Multilingual Language Model Adaptive Fine-Tuning: A Study on African
Languages
- URL: http://arxiv.org/abs/2204.06487v1
- Date: Wed, 13 Apr 2022 16:13:49 GMT
- Title: Multilingual Language Model Adaptive Fine-Tuning: A Study on African
Languages
- Authors: Jesujoba O. Alabi, David Ifeoluwa Adelani, Marius Mosbach, Dietrich
Klakow
- Abstract summary: We perform multilingual adaptive fine-tuning (MAFT) on 17 most-resourced African languages and three other high-resource languages widely spoken on the African continent.
To further specialize the multilingual PLM, we removed vocabulary tokens from the embedding layer that corresponds to non-African writing scripts before MAFT.

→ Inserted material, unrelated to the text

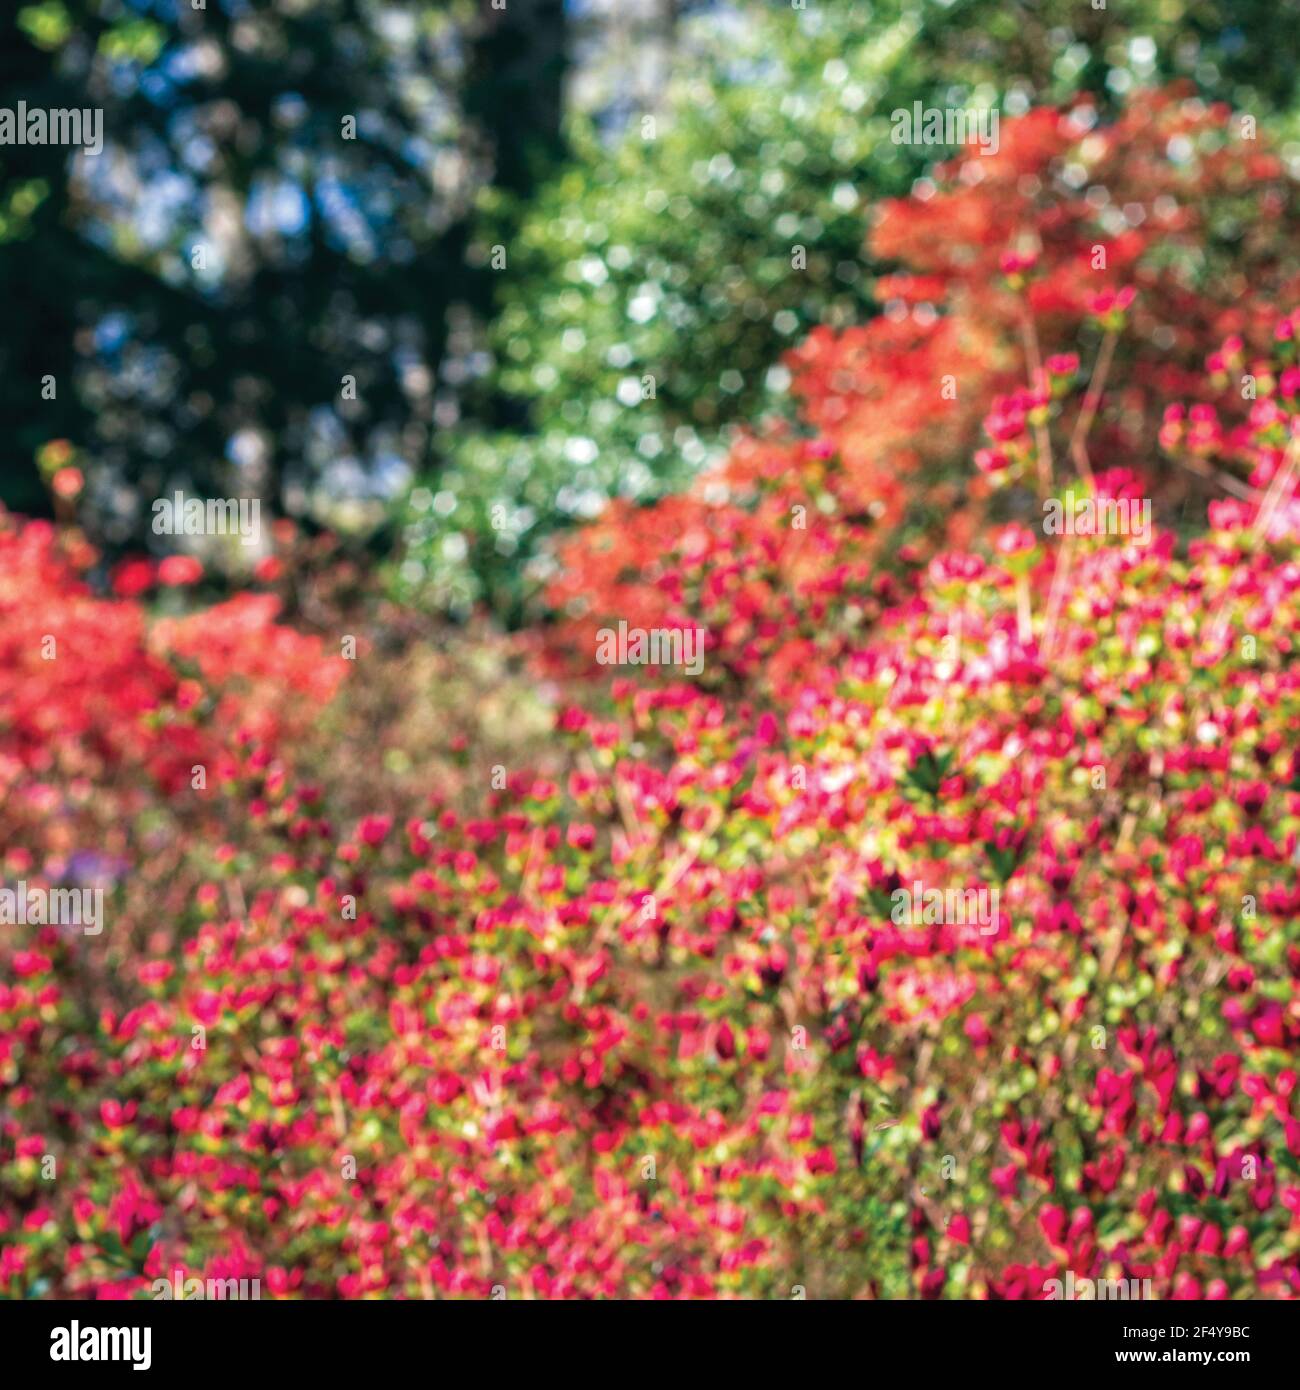 Azalea bushes (Rhododendron) become impressionistic and abstract when deliberately shot out of focus. Stock Photo

Our approach is competitive to applying LAFT on individual languages while requiring significantly less disk space.
- Score: 19.067718464786463
- License: http://creativecommons.org/licenses/by/4.0/
- Abstract: Multilingual pre-trained language models (PLMs) have demonstrated impressive
performance on several downstream tasks on both high resourced and
low-resourced languages. However, there is still a large performance drop for
languages unseen during pre-training, especially African languages. One of the
most effective approaches to adapt to a new language is language adaptive
fine-tuning (LAFT) -- fine-tuning a multilingual PLM on monolingual texts of a
language using the same pre-training objective. However, African languages with
large monolingual texts are few, and adapting to each of them individually
takes large disk space and limits the cross-lingual transfer abilities of the
resulting models because they have been specialized for a single language. In
this paper, we perform multilingual adaptive fine-tuning (MAFT) on 17
most-resourced African languages and three other high-resource languages widely
spoken on the African continent -- English, French, and Arabic to encourage
cross-lingual transfer learning. Additionally, to further specialize the
multilingual PLM, we removed vocabulary tokens from the embedding layer that
corresponds to non-African writing scripts before MAFT, thus reducing the model
size by around 50\%. Our evaluation on two multilingual PLMs (AfriBERTa and
XLM-R) and three NLP tasks (NER, news topic classification, and sentiment
classification) shows that our approach is competitive to applying LAFT on
individual languages while requiring significantly less disk space. Finally, we
show that our adapted PLM also improves the zero-shot cross-lingual transfer
abilities of parameter efficient fine-tuning methods.